In March 2010, the National Community Land Trust Network (the Network) designed and conducted the 2009 CLT Delinquency & Foreclosure Survey (Thaden 2010). All 229 CLTs in the Network’s database were invited to participate in the online survey, and 53 CLTs (23 percent) completed it. Eleven respondents did not have CLT homes with outstanding mortgages at the end of 2009, so they were not included in the final analysis. The remaining 42 CLTs in 22 states had 2,279 resale-restricted, owner-occupied homes in their portfolios, 2,173 of which had outstanding residential mortgages as of December 31, 2009. The median number of mortgaged homes for these CLTs was 30.

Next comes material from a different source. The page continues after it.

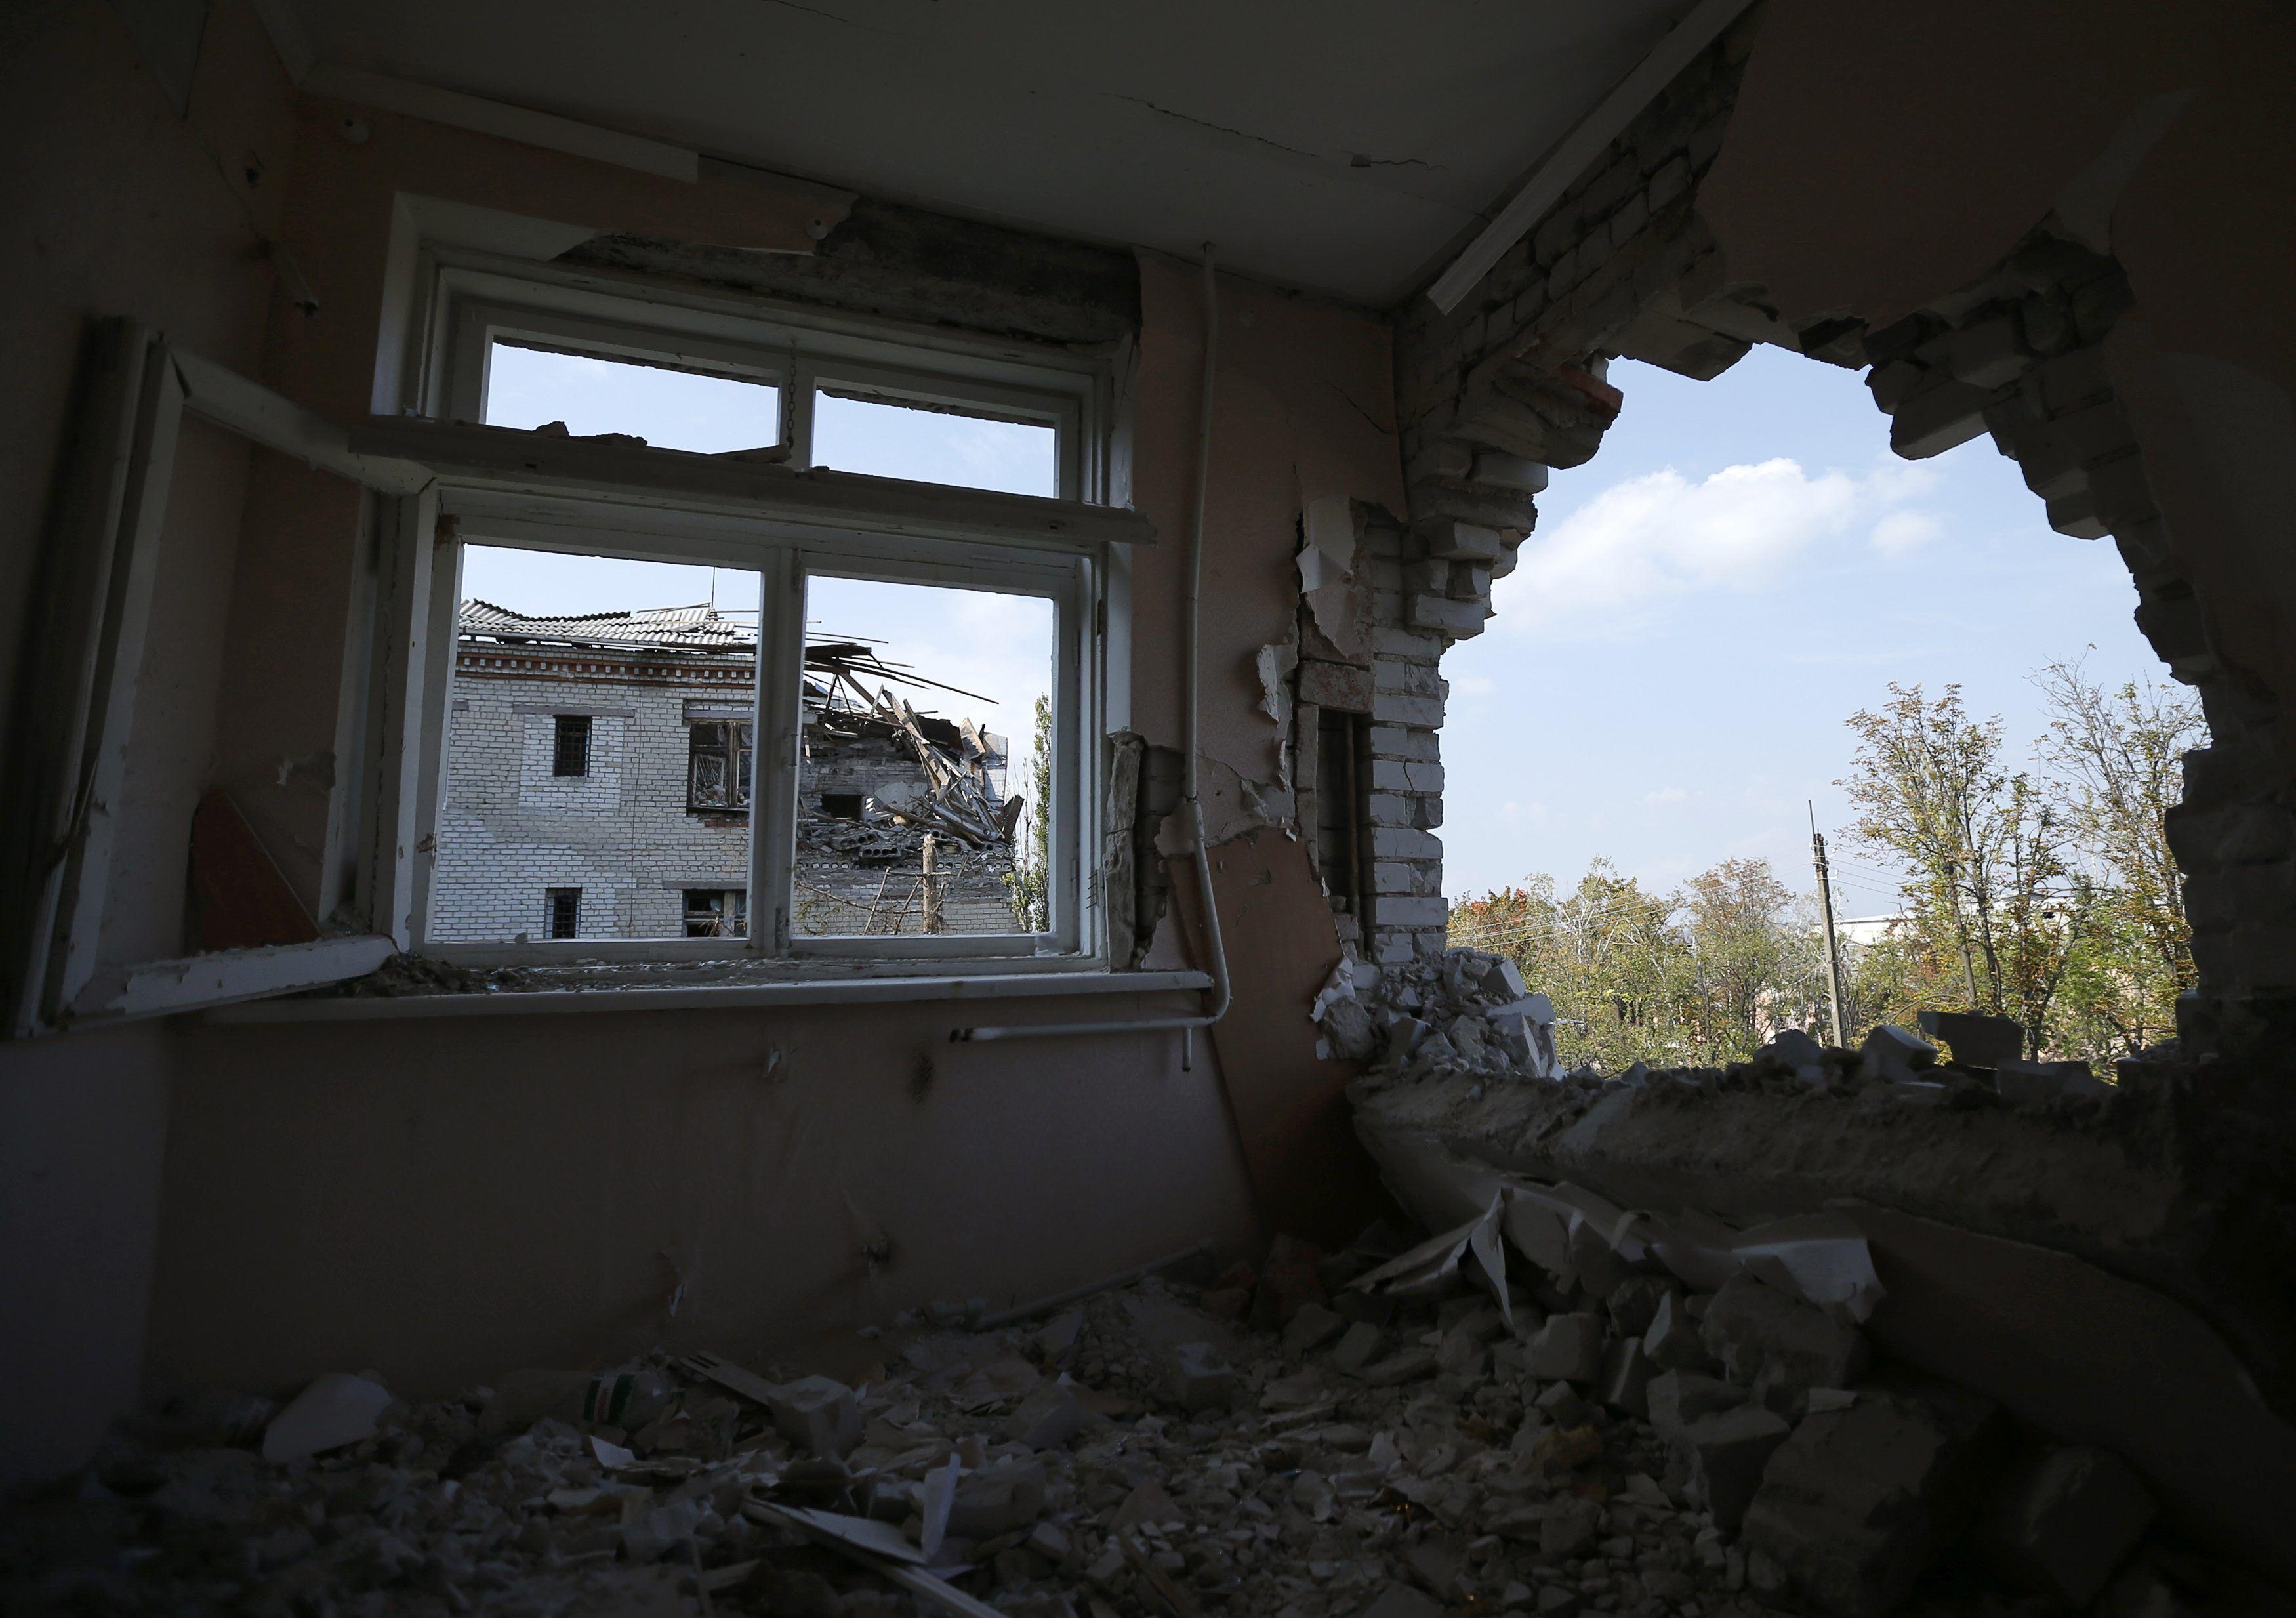 Обстрелянный дом на Донбассе, иллюстрация
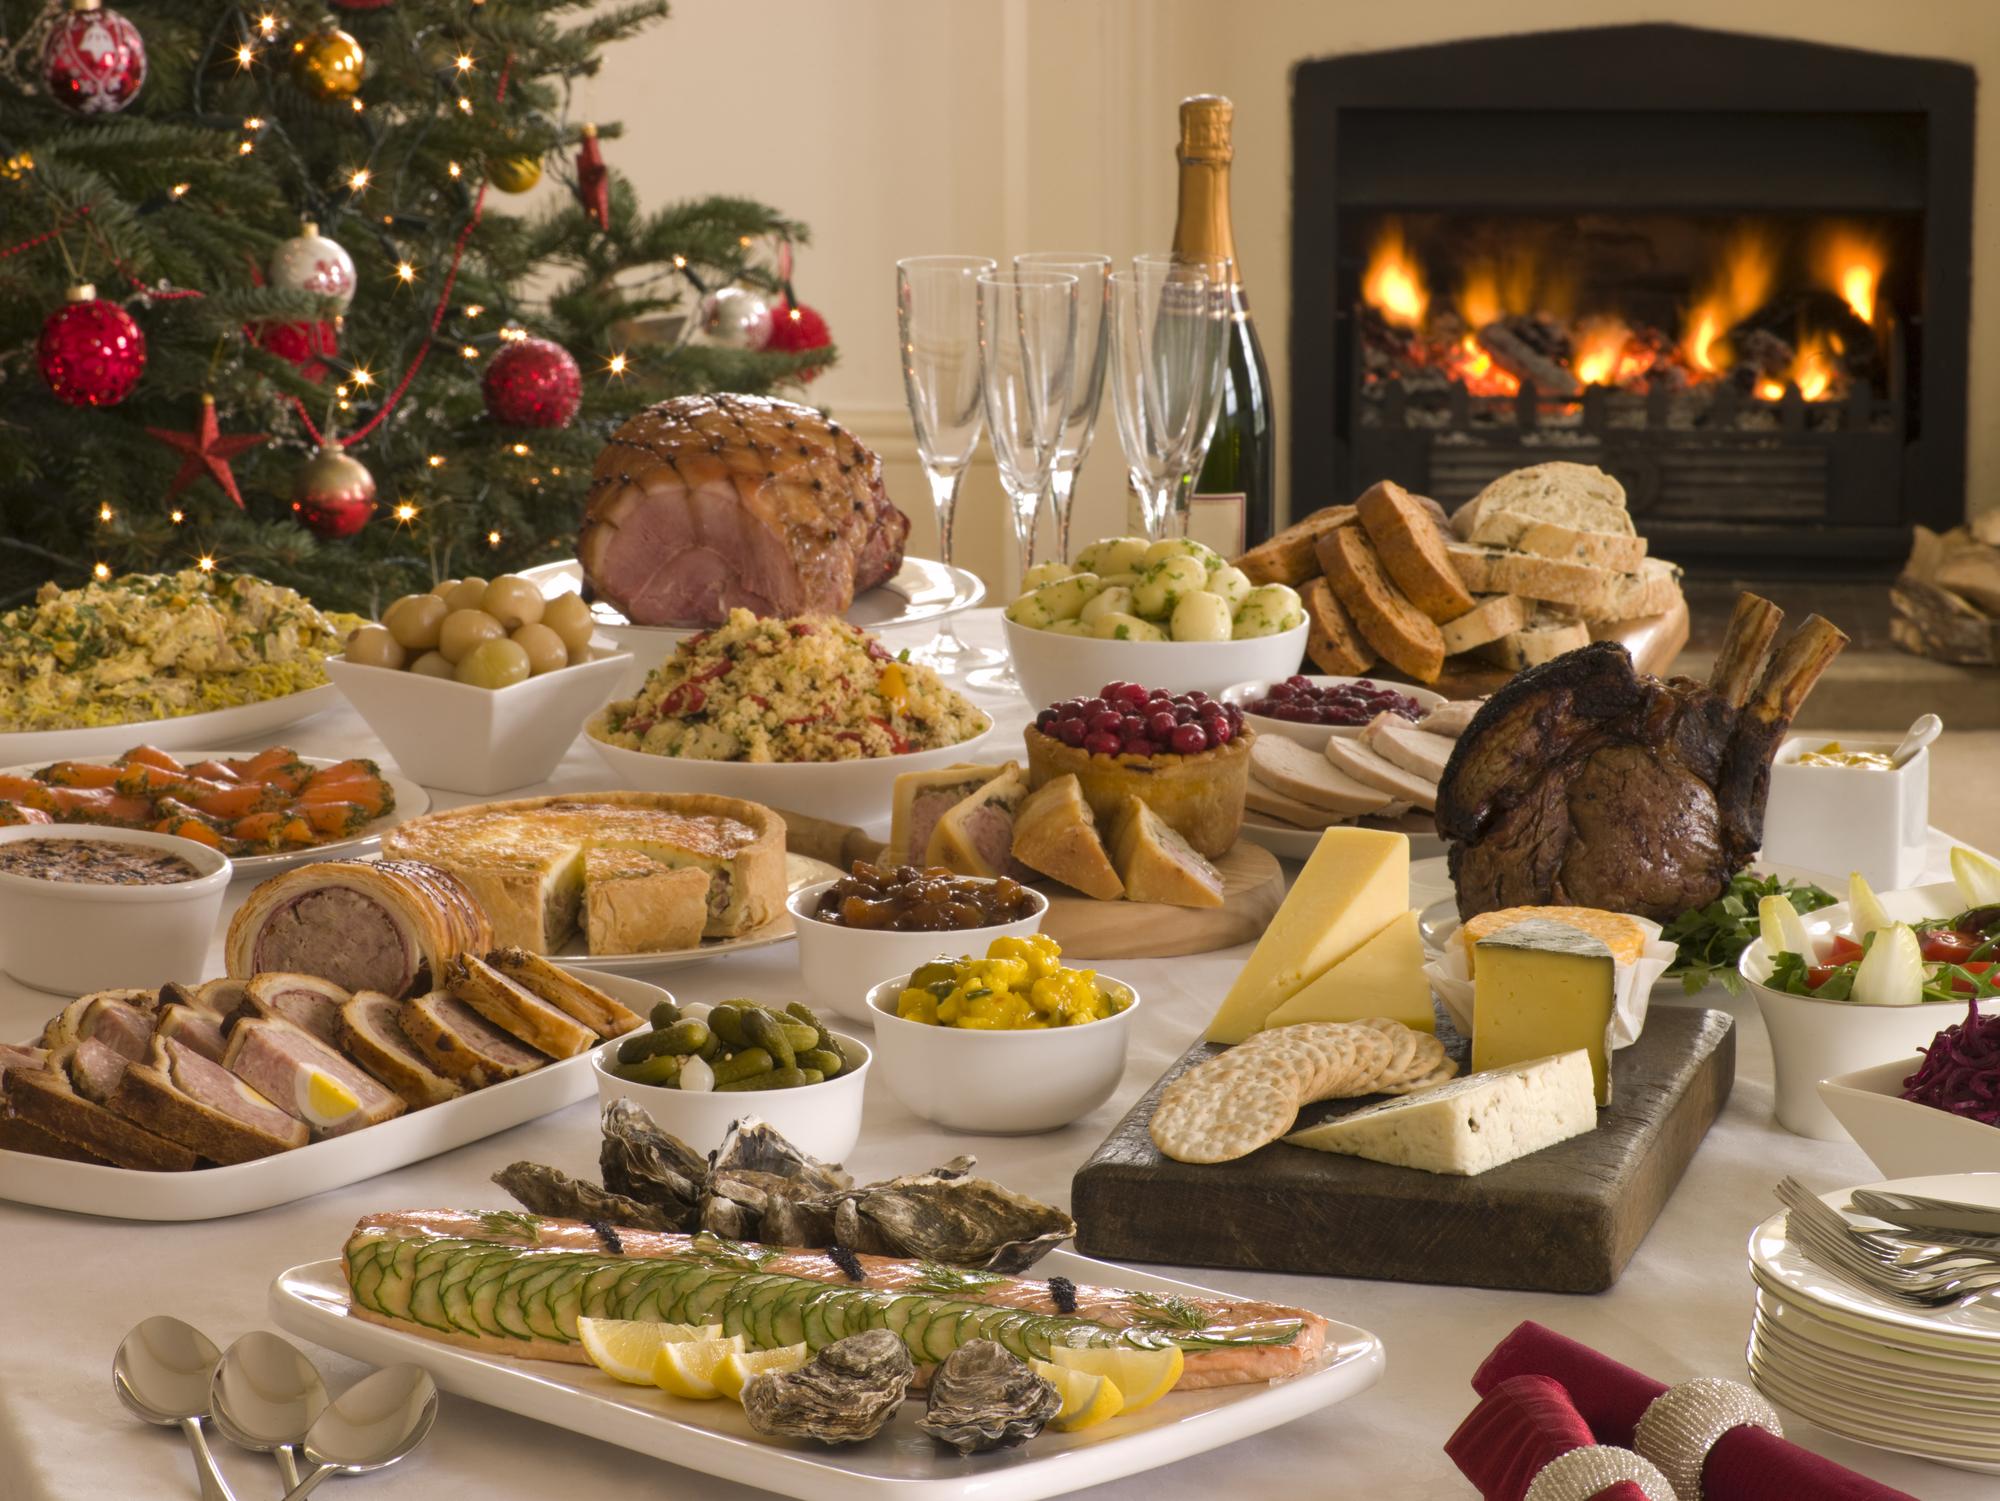 Buffet holiday food.jpg

The primary purpose of the survey was to examine how many residential mortgages held by CLT homeowners (referred to as CLT loans) had been seriously delinquent, entered the foreclosure process, or completed the foreclosure process in 2009. Survey items were designed for comparison with results from the Network’s 2008 survey, as well as results from the 2008 and 2009 National Delinquency Surveys conducted by the Mortgage Bankers Association (MBA).

The Network’s survey replicated the definitions used by the MBA for loans that were (1) “In the Foreclosure Process,” which includes loans in the process of foreclosure regardless of the date the foreclosure procedure was initiated; and (2) “Seriously Delinquent,” which includes loans that were at least 90 days delinquent or in the process of foreclosure. The secondary purpose of the Network’s survey was to explore the practices and policies of CLTs that may help to explain the primary results.

Delinquencies, Foreclosures, and Cures

When comparing the performance of CLT loans to that of conventional mortgages for market-rate homes, it is important to emphasize that CLT loans are held by low-income households. MBA and Residential Mortgage-Backed Security (RMBS) loan samples are not limited to low-income borrowers. Considering that low-income homeowners in the market are more prone to delinquencies and foreclosures, the differential outcomes reported below may have been even greater if loans held by low-income borrowers could have been isolated for comparison in MBA and RMBS samples.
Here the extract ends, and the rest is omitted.